Однако были среди людей и такие, которые ненавидели эту весну и готовились растоптать наконец-то обретенную свободу.

События, о которых мы рассказываем, произошли в одну из тех весенних ночей — через семь месяцев после того, как над воротами бухарского Арка[1] взвился красный флаг революции.

В низком ночном небе клубились черные тучи. Они полыхали огнем, тяжело гремели и порой проливались на землю крупными каплями дождя. Темные улицы Бухары были тихи и безлюдны. Только в квартале Аскар-Би, расположенном в отдаленной северо-западной части города, слышался шум. В центре улицы, над воротами большого дома, горел фонарь. На невысоком глинобитном возвышении — суфе, которое обычно занимал сторож, сидели и неторопливо разговаривали трое мужчин. Из дома доносились громкие голоса, музыка и слова песни, — хафиз пел протяжно, на манер бухарских «маврича» — выходцев из Мерва. Он пел:

На Бесутун-горе[2] затих ударов гул,
Как будто сладким сном герой Фархад уснул.
За воротами находился крытый проход, который вел в ярко освещенный фонарями и лампами двор, вымощенный жженым кирпичом, поставленным на ребро. Из кухни плыли острые ароматные запахи шашлыка и плова.

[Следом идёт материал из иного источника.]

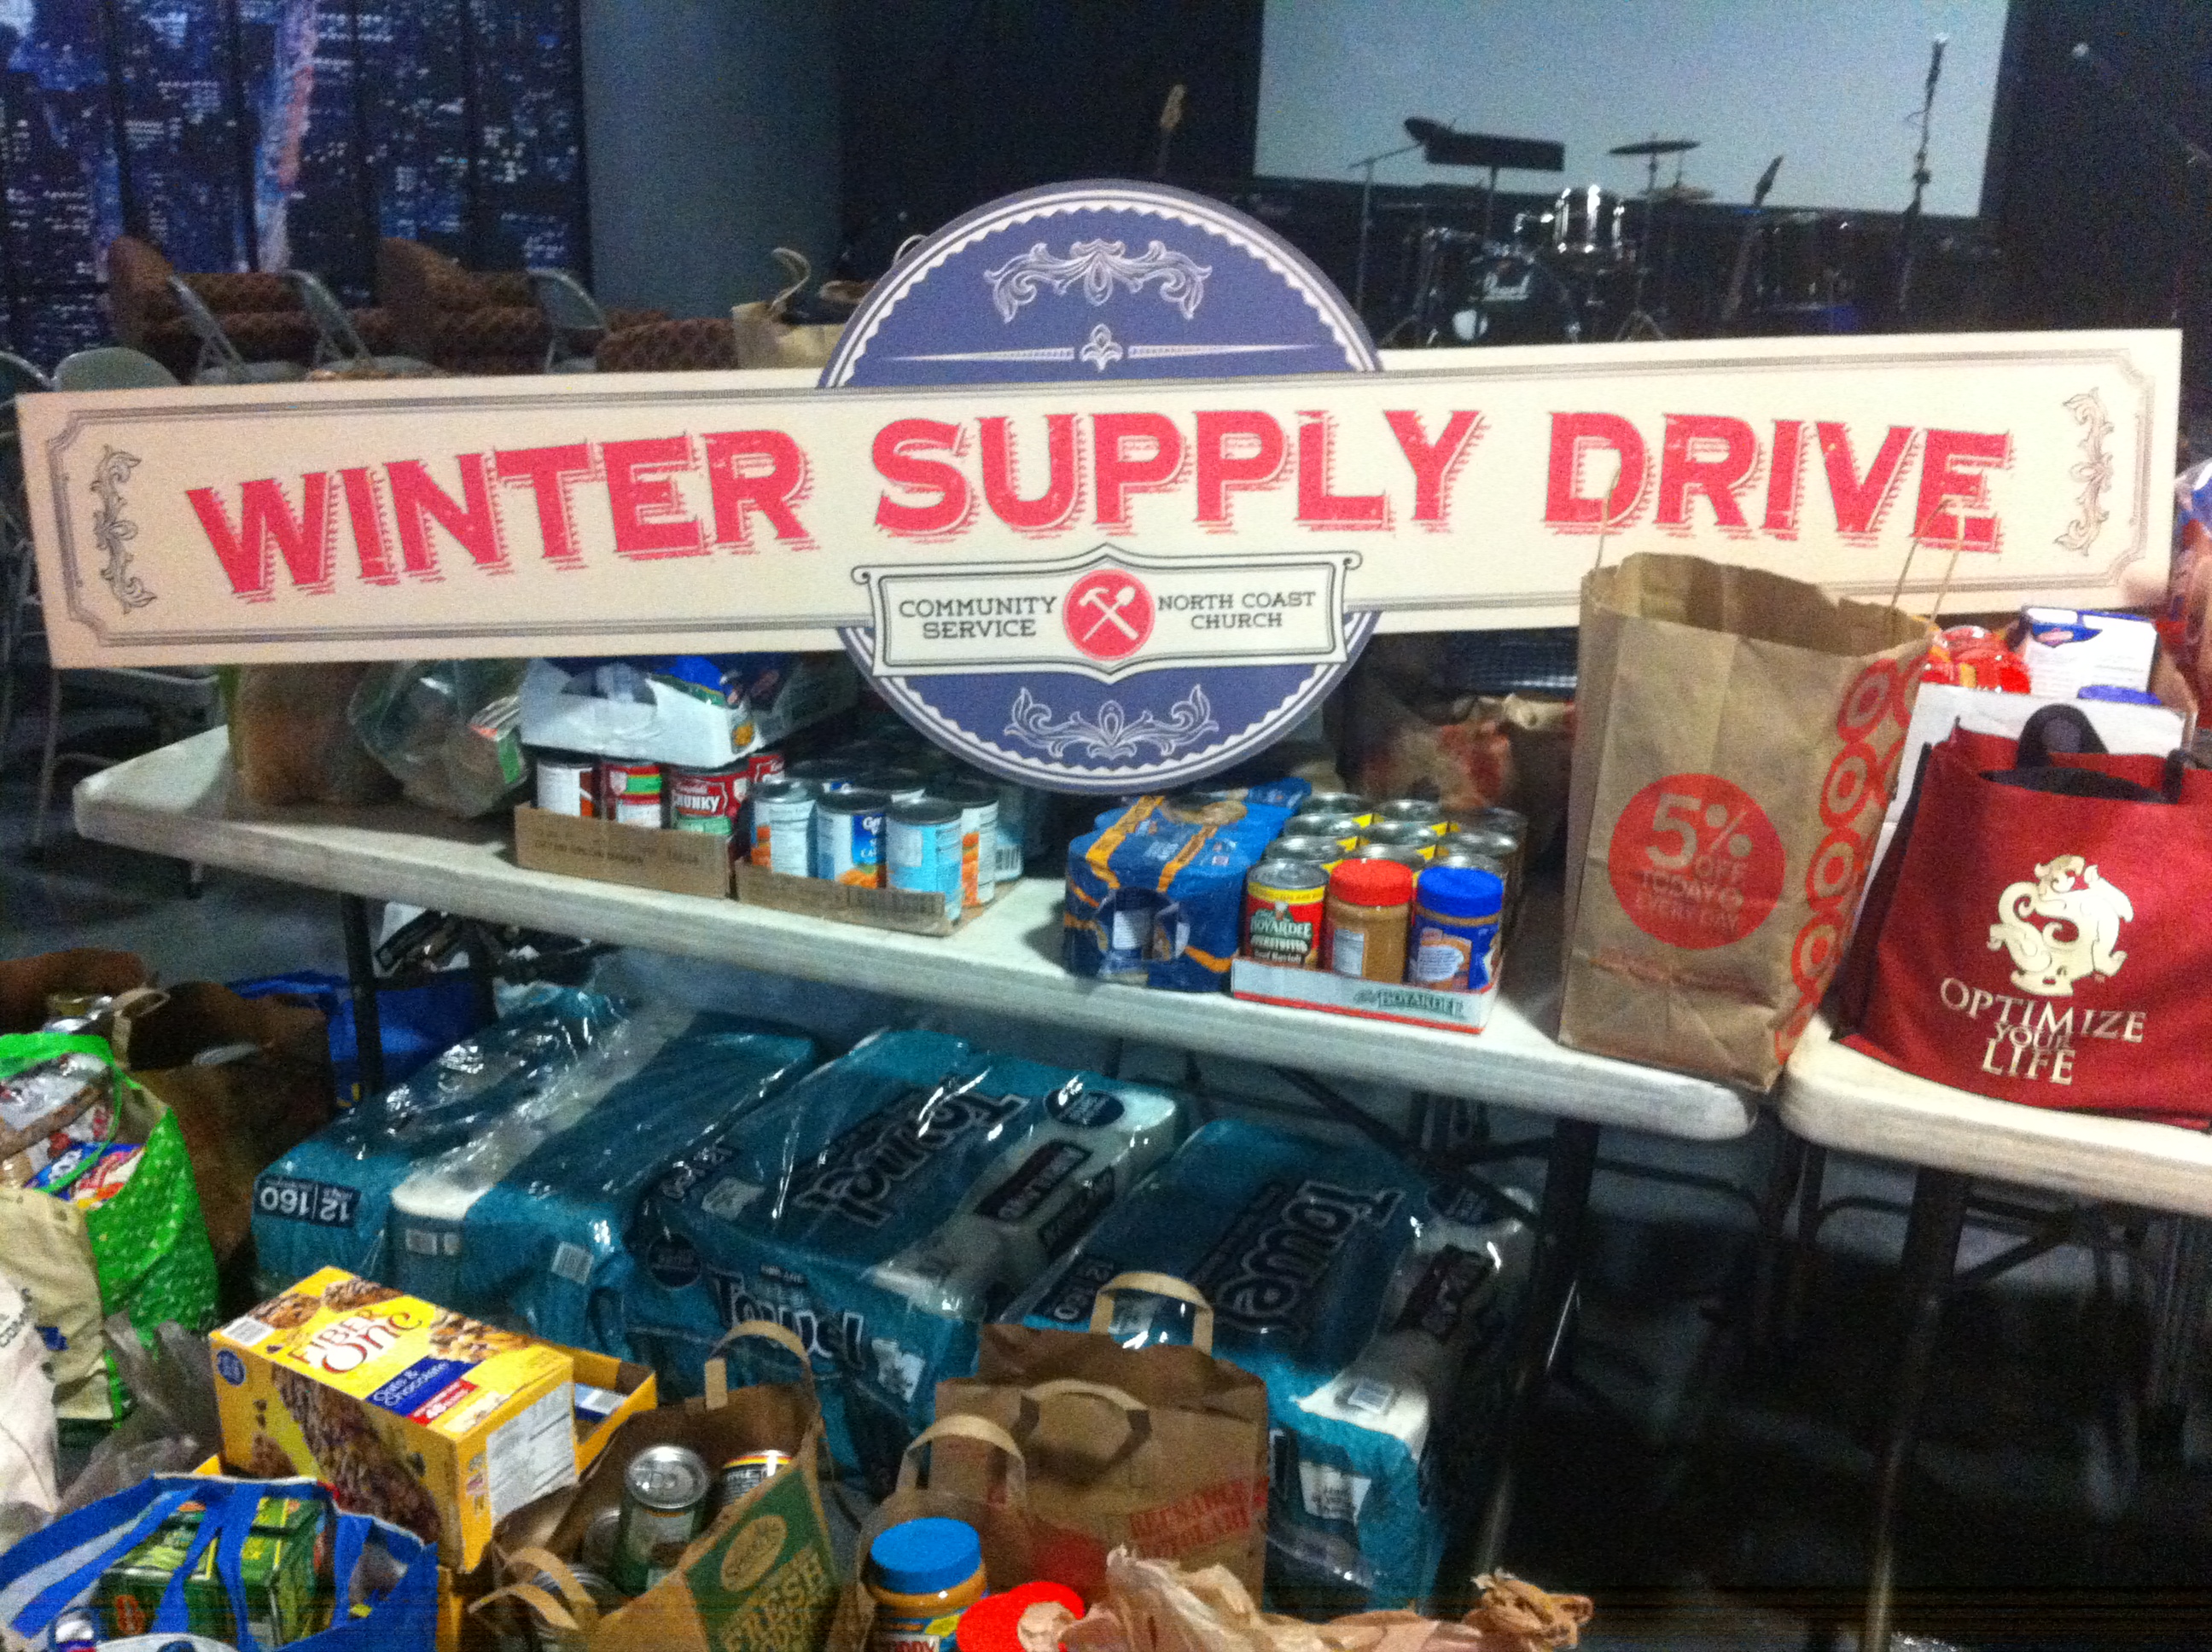 Winter Supply Drive - Sorting Day - Monday

Просторная мехмон-хона — комната для гостей, с синими стеклами в узких стрельчатых окнах, освещалась двумя большими подвесными лампами. На ковре, вокруг уставленной яствами широкой скатерти-дастархана, сидело пятеро собеседников, а в углу, у входа, аккомпанируя себе на рубобе, пели хафизы.

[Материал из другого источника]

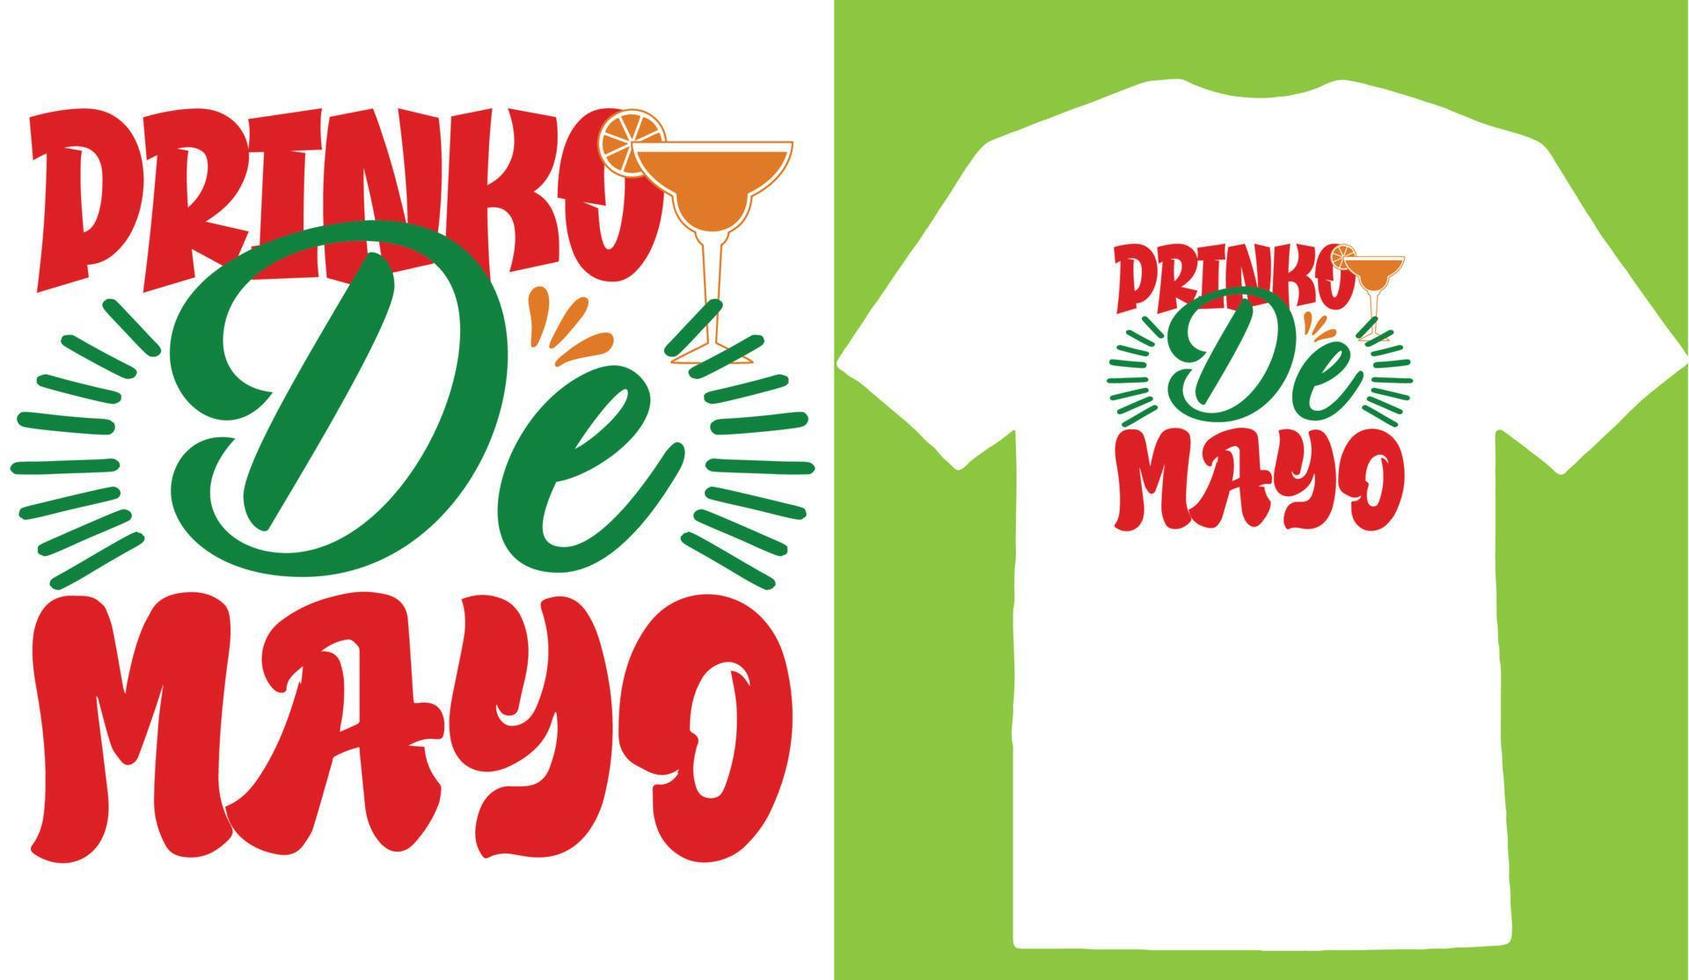 Blessed And Taco Obsessed Cinco De T-Shirt Design vector

Хозяином здесь был мужчина средних лет, черноглазый и чернобровый, с длинной узкой бородой и толстой могучей шеей. На нем — легкий шелковый халат без подкладки, брюки-галифе и белая ситцевая рубаха с открытым воротом. Гостеприимно уступив передний почетный угол, он расположился ниже всех остальных гостей.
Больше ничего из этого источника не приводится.